There are two ways around this. The first is to simply read through all of the assignments that you wish to mark and make a list of common targets on a PowerPoint (the second is using a VLookup command on a spreadsheet but I will blog about this in a separate article). This way, you can make them much more specific to the task as well as more detailed, below (see fig.1) is an example for a year 11 written assignment I am marking at the time of writing.

fig.1
fig.1 Targets specific to the assignment which I am currently marking. 

The PowerPoint is not particularly flashy and yes it will need to be made a bit easier for students to read but in many ways, the words are all you need otherwise you fall back into the trap of increasing that workload again.

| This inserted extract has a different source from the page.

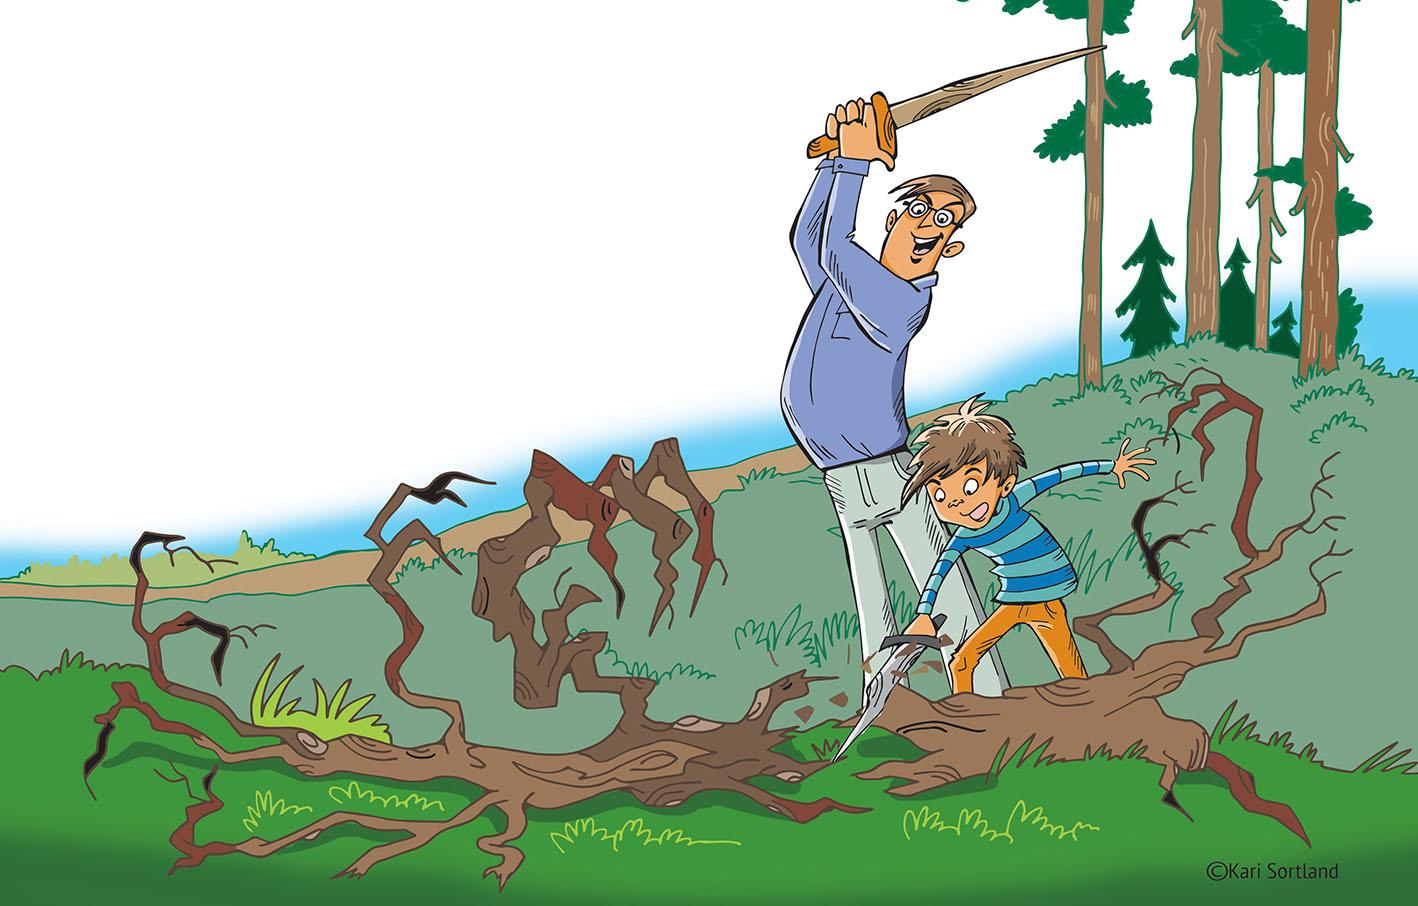 Barnebok, illustrasjoner kari Sortland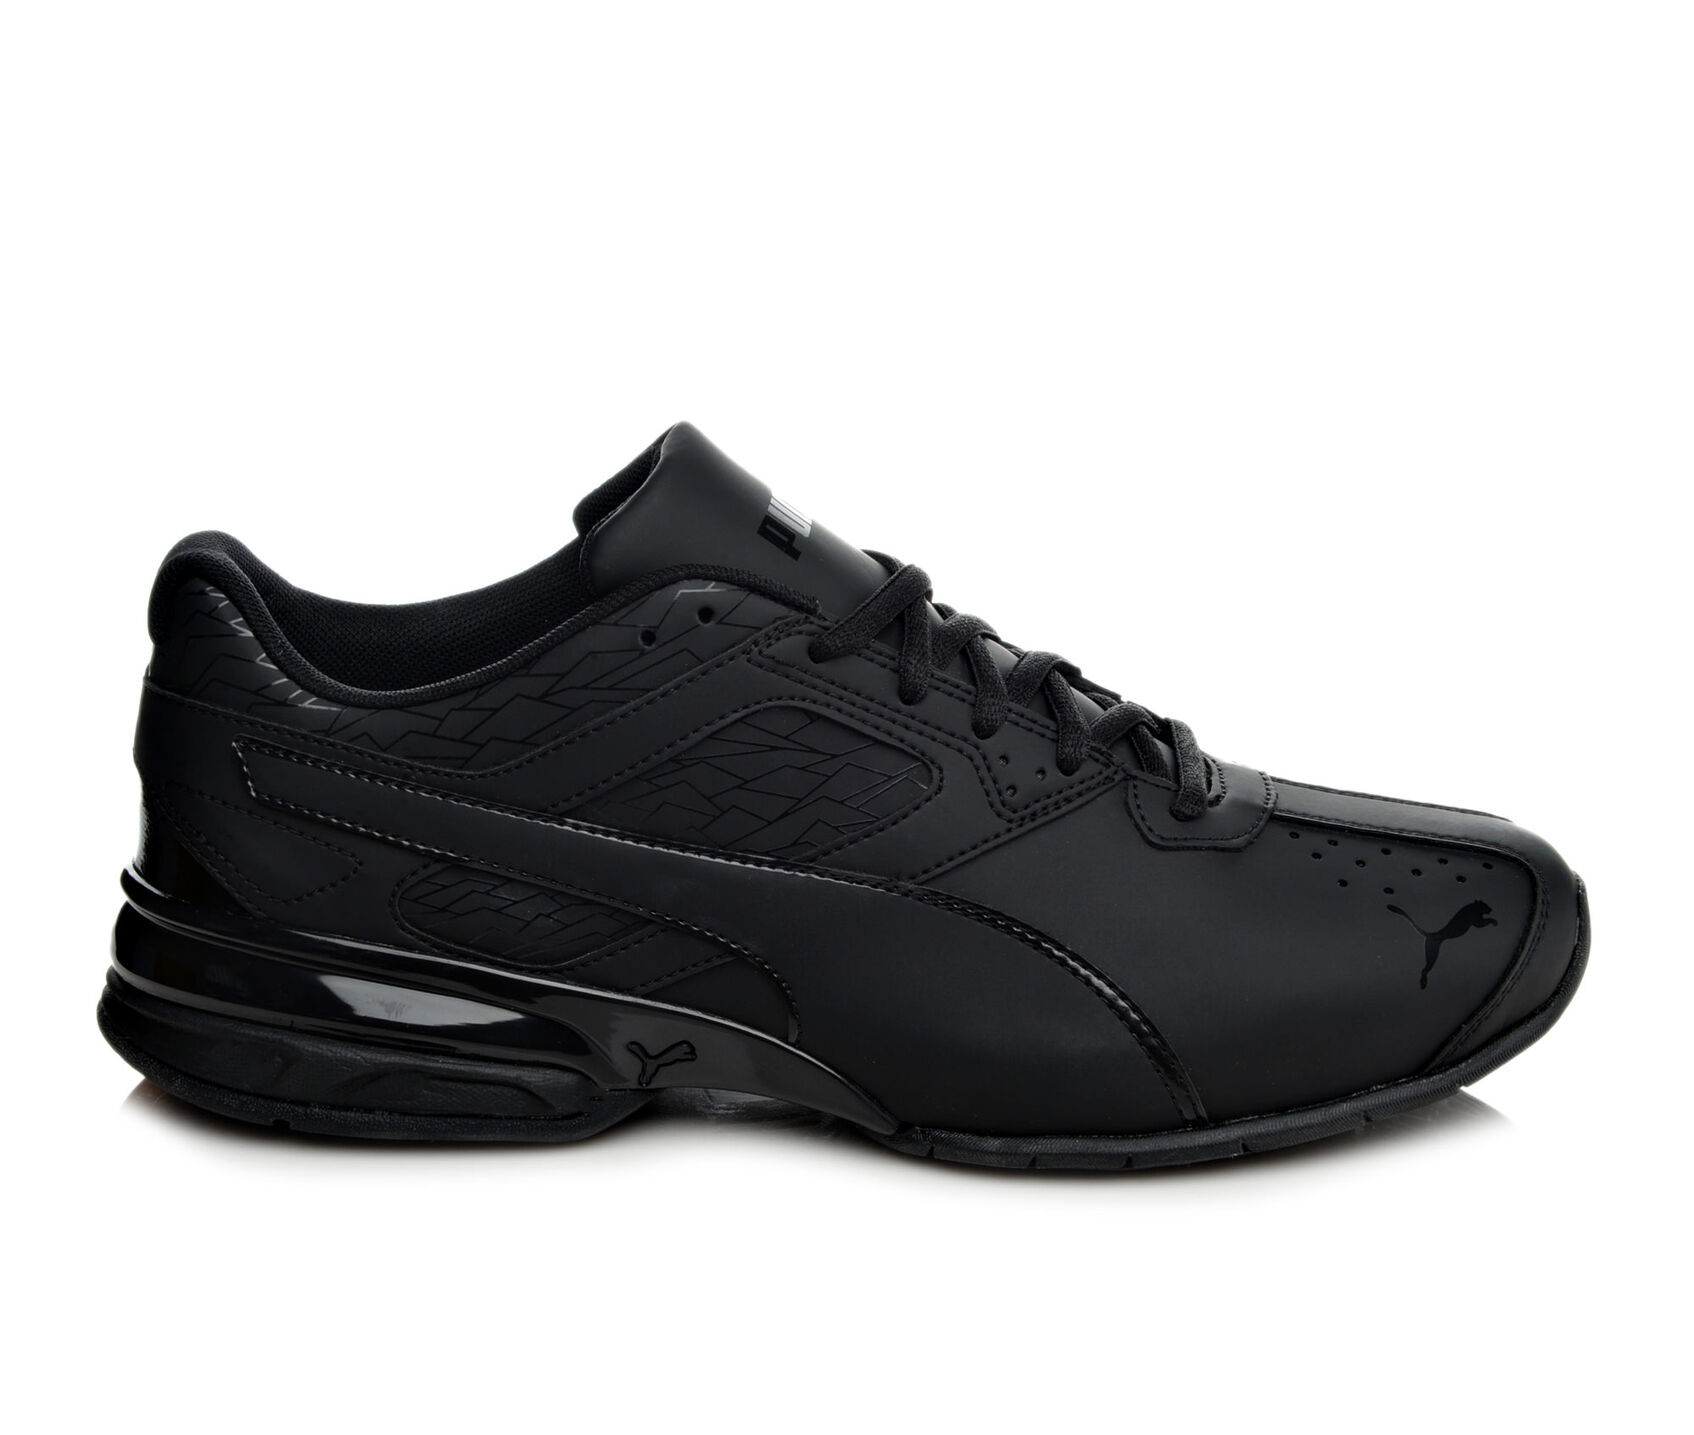 040688280f07a8 Men s Puma Tazon Fracture Sneakers

I think it is important to ensure that the target includes a question for reflection or guidance to improve both the work and the student’s knowledge of the wider topic. Mini activities such as ‘list the key verbs’ and ‘what would support you with this?’ are designed to elicit reflection and response from the student to improve the work and their skills/knowledge in the context of the subject.

I have previously asked students to write the target from the board in green and the use it to improve their work but recently I am questioning the need to actually get them to write it, as long as you can clearly see that they are carrying out the task/reflection/improvement in their work.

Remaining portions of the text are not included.